Тамара Ветрова

День космонавтики. Фантазия, лишенная подтекста

Незнакомец был похож на провинциального литератора (в некотором смысле так и было). Лихорадочный блеск в глазах, мятые брюки, напряженный интерес к мелочам редакторского быта. Осмотрел стакан с недопитым чаем, точно эксперт… Зацепился взглядом за пейзаж, выполненный маслом, и для чего-то потер руки. Как будто горячо одобрил художественное полотно. Потом азартно огляделся, выискивая, чем бы еще восхититься. Обнаружил окурок в горшке с бегонией. Пару раз шаркнул ногой, когда в комнату влетела, не поздоровавшись, молоденькая девушка по имени Надя. Имя он узнал сразу, не дурак, слава богу; услыхал, как кто-то во тьме коридора гаркнул:

— Надежда! чай у нас будет сегодня?!

И вот соотнес…

Провинциальные литераторы – это сущие сироты. Для них, как для жителей средневековой Европы, куда ни пойдешь – всюду лес. В смысле, в какую редакцию ни сунешься… Джунгли, так сказать. Да только пришелец не писал книжек. А явился на редакторское мероприятие (это была презентация очередного журнального номера) с совершенно иными целями. То есть в отличие от других гостей…Тех привела в редакцию любовь к живому слову. А что еще? Не волшебный же клубок Бабы Яги… Короче, люди собрались по тем или иным причинам. А у гостя была причина  личная, особенная.

— Приветствую вас! – крикнул он, закончив осмотр помещения.

Тут надо заметить, что в тот именно момент комната была пуста. Зам. главного редактора и второй мальчик – зам. зама, что ли – оба они готовились к редакторскому мероприятию и находились в конференц-зале. Однако крик неизвестного оказался услышан. Прихрамывая, в комнату вошла очень, очень пожилая дама; она смотрела чуть влево, но похоже, это было безразлично. Видела она явно плохо, а явилась на крик.

— Вода в графине, – спокойно сообщила старушка, продолжая сверлить глазами левый угол. – Выпейте воды, а лучше присядьте вон на свободный стул. Где у этих разбойников свободный стул?

Тут она мелкими шагами пересекла комнату, отыскала заваленный бумагами стул и без церемоний скинула бумажную груду на пол. Потом сказала ласково:

— Садитесь, голубчик. Не робейте.

И удалилась, ловко обходя многочисленные препятствия.
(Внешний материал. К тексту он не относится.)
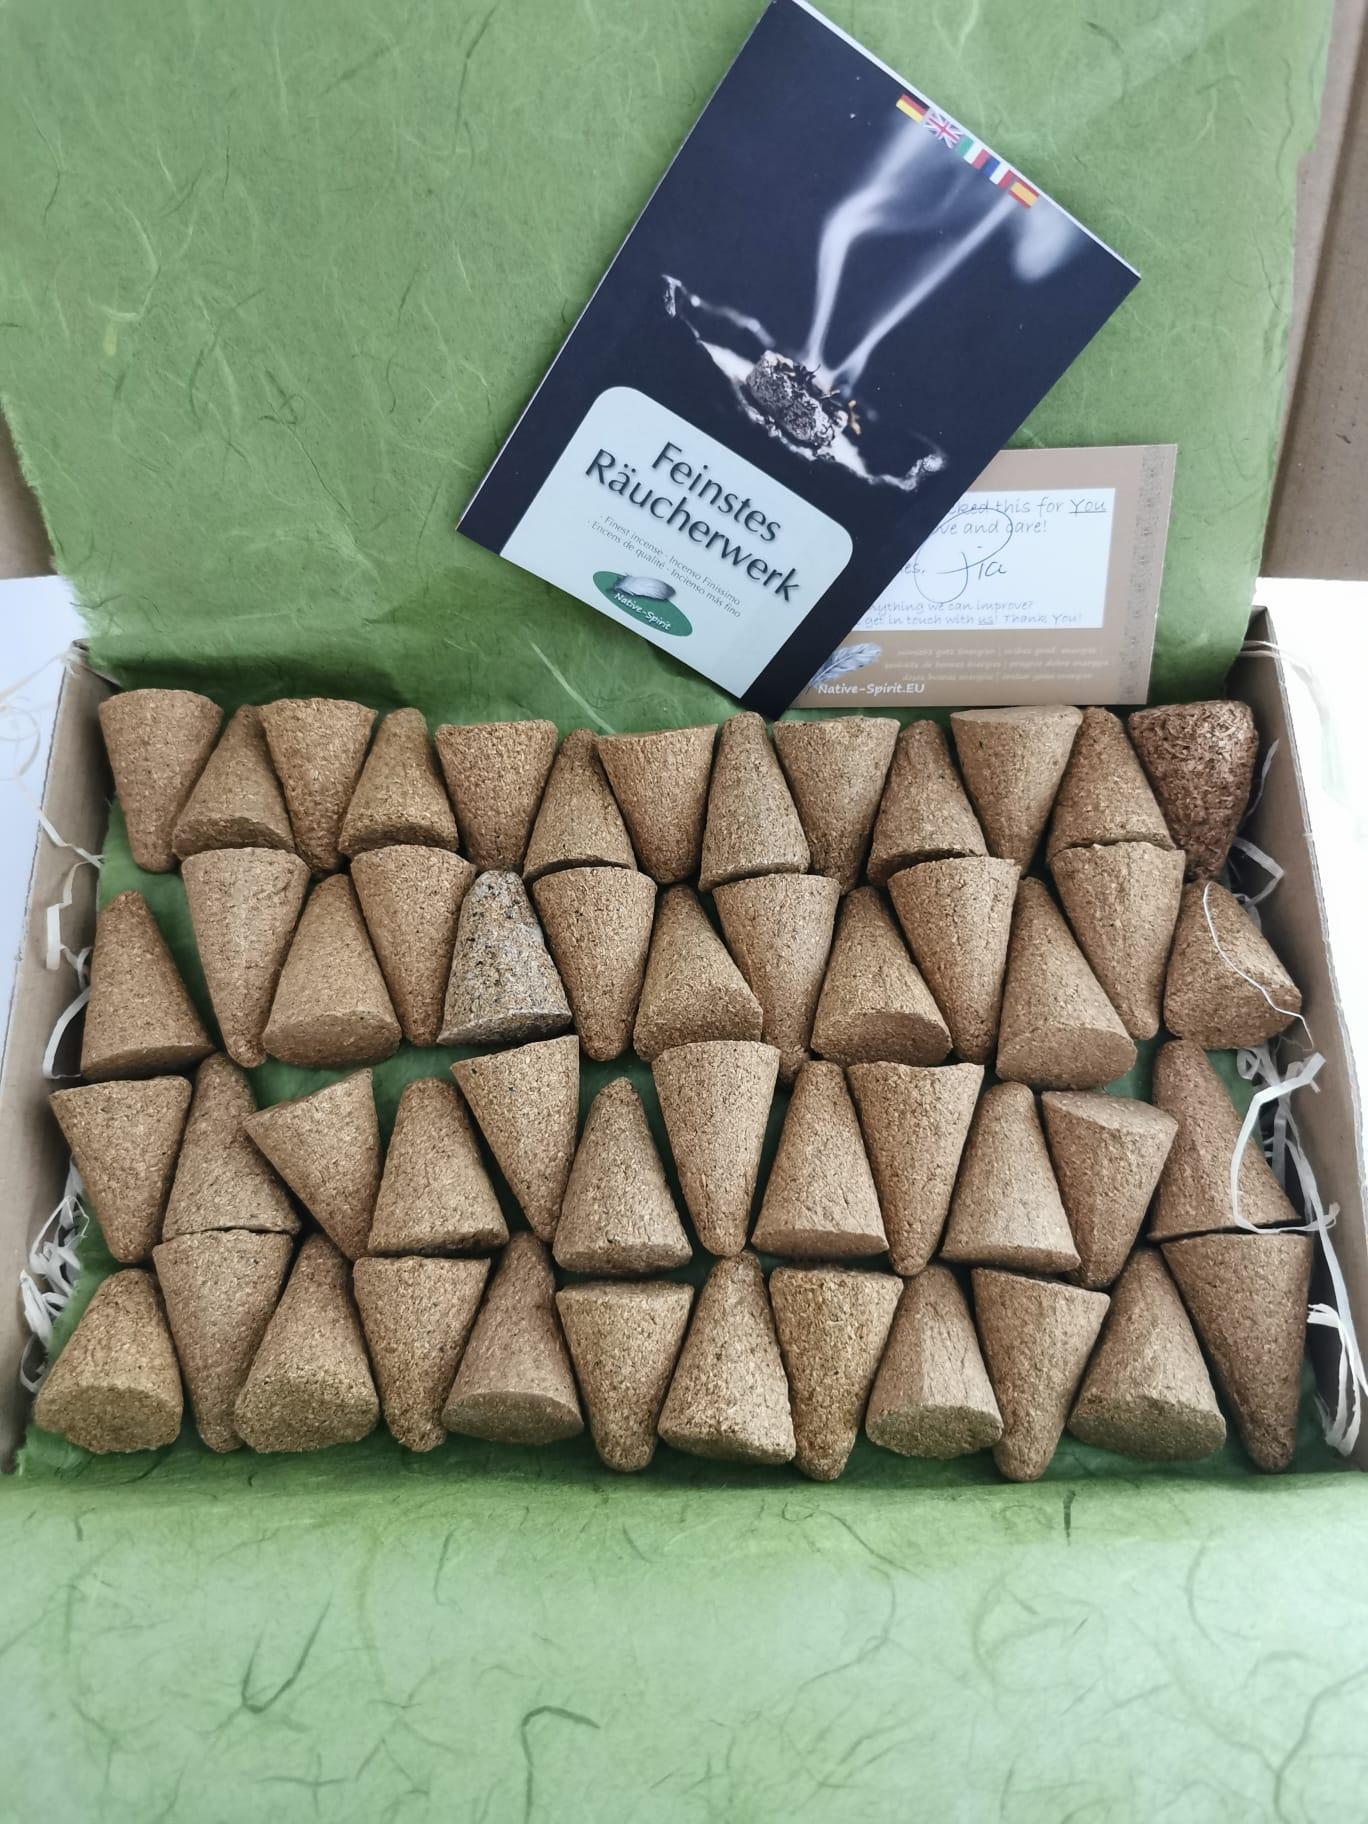 Palo Santo Räucherkegel 50 Stk. je ca. 3,5 - 4 cm, Cones aus dem Heiligen Holz des Palo Santo (bursera graveolens), 100% reine Qualität aus Peru, perfekt für Meditation, Duftzeremonien, Entspannung

Поколебавшись, гость последовал совету: сел на опустошенный стул и некоторое время озабоченно вглядывался в темный коридор за раскрытой дверью.

Он дожидался главного редактора, чтобы изложить тому свое дело. Но главный редактор был недосягаем. Хотя и сидел в конференц-зал, сбоку от импровизированного президиума. Народ уже подходил, но Главный смотрел в сторону, как та старушка, что явилась на крик в комнату редакторов. На лице его лежало меланхолическое выражение, а мысли носились далеко. Он думал, что хорошо бы приобрести жалюзи, а то лето красное идет; сдохнешь тут от жары, и дело с концом. Но это были потаенные мысли. А так главный редактор производил впечатление человека мужественного; сидел, омываемый вечерним апрельским солнцем, пробивающимся сквозь стекла, лишенные жалюзи, и даже не морщился. А наоборот – равнодушно улыбался; как демон безводной пустыни… Ну, вы поняли…

 

Не дождавшись главного редактора, одинокий гость поднялся со стула и направился прямо в конференц-зал. Конечно, его дело было таково, что лучше было бы решить его без свидетелей… без лишних, грубо говоря, жертв; но раз уж так получилось – он будет действовать по обстоятельствам.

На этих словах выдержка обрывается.